Un état de crise qui peut aussi conduire à des appels à la grève. A Bordeaux, comme le souligne TF1, le 28 juin, les soignants du CHU « l'un des plus gros de France, sont appelés, le mardi 28 juin, à une grève illimitée par leurs syndicats, réclamant des embauches et des augmentations de salaires. Une première, qui marque un "point de non-retour", pour Alain Es Sebbar, secrétaire de la CGT de l'hôpital Pellegrin, l'un des trois établissements du CHU, premier employeur de Nouvelle-Aquitaine avec plus de 14.000 salariés (…) Le manque de bras a déjà poussé la direction à filtrer l'accès aux urgences à partir de 17h, depuis la fin mai. Pour attirer de nouvelles recrues, les syndicats réclament ainsi une hausse des salaires "de 300 euros minimum" pour les personnels soignants, administratifs et techniciens ».

Dans ce contexte de crise, une proposition de loi appelle à réintégrer les soignants et pompiers non-vaccinés. Comme le mentionne Le Figaro le 22 juin « Malgré le rebond épidémique, la crise profonde que traverse l'hôpital, laissant présager un casse-tête pour l'été, va-t-elle forcer les autorités à réintégrer les soignants non-vaccinés, suspendus depuis de longs mois ? C'est, en tout cas, ce que défend Sylviane Noël. Sénatrice (LR) de la Haute-Savoie, qui a déposé une proposition de loi, mi-juin, visant à «abroger l'obligation vaccinale des personnels soignants et des pompiers». Le Président de la Fédération hospitalière de France Frédéric Valletoux se montre toutefois assez confiant dans la capacité du parlement à prendre les mesures qui s’imposent.

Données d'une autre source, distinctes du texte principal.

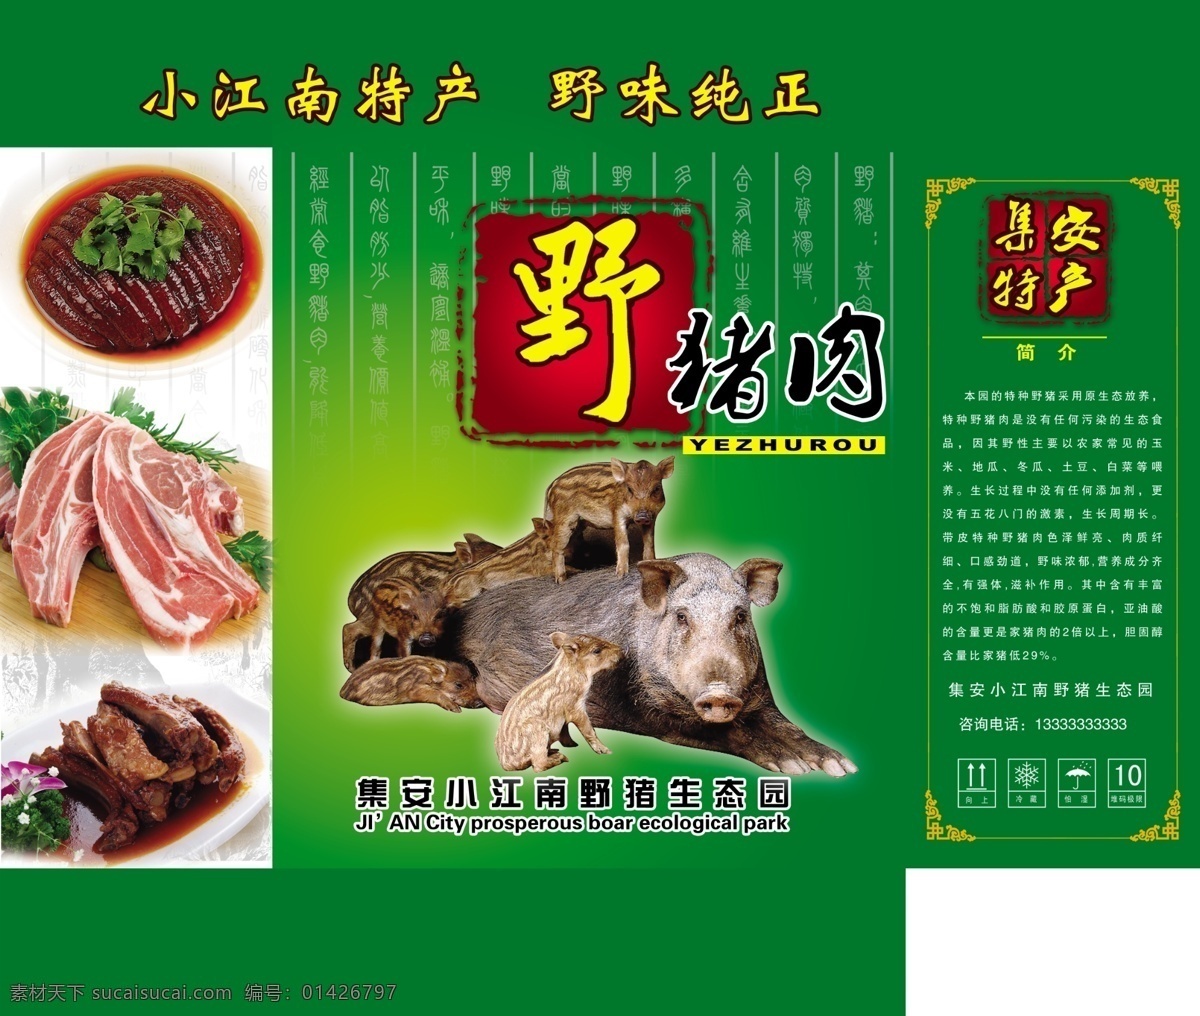 野猪肉包装箱 野猪肉 包装箱 肉图片 简介 特产品 猪肉包装 psd图库 包装设计 广告设计模板 源文件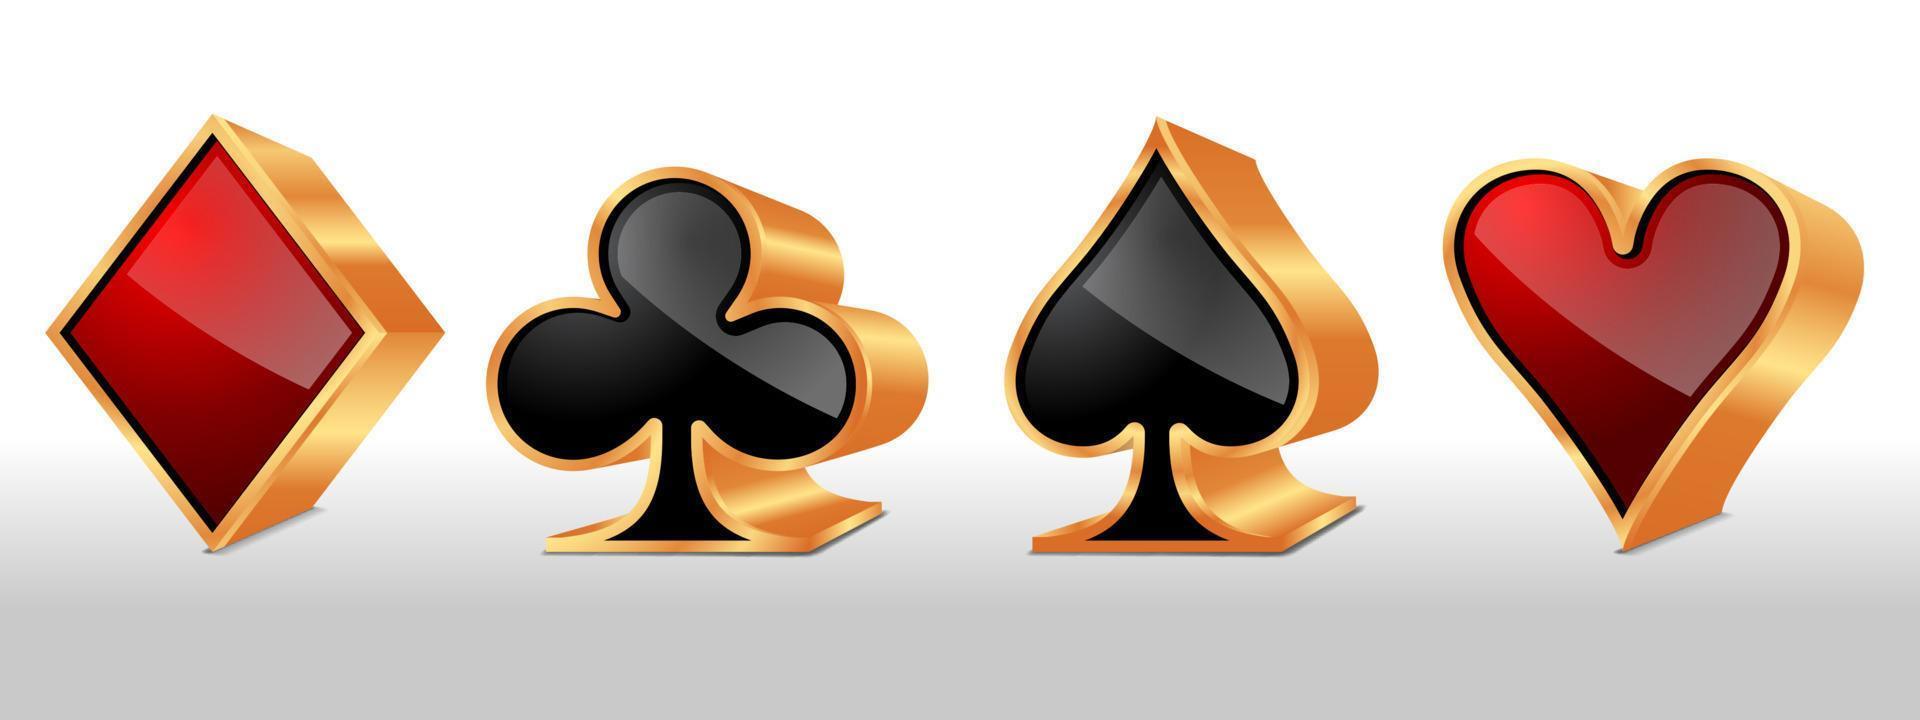 poker carta abiti. impostato di quattro assi giocando carte abiti. vettore illustrazione.

Dans une interview au Monde le 22 juin, il déclare : « Nous avons, durant la campagne présidentielle, auditionné l’ensemble des candidats. Même si les réponses ne sont pas les mêmes selon les partis, il y a un consensus sur l’urgence de la réforme de la santé. L’acteur dont il faut conforter le rôle et la place, c’est l’hôpital. Au nom de l’intérêt général et de l’intérêt supérieur des Français. On peut bâtir des solutions qui, si elles ne seront jamais effectivement consensuelles à 100 %, pourraient néanmoins être suffisamment fédératrices pour trouver des majorités à l’Assemblée et au Sénat. »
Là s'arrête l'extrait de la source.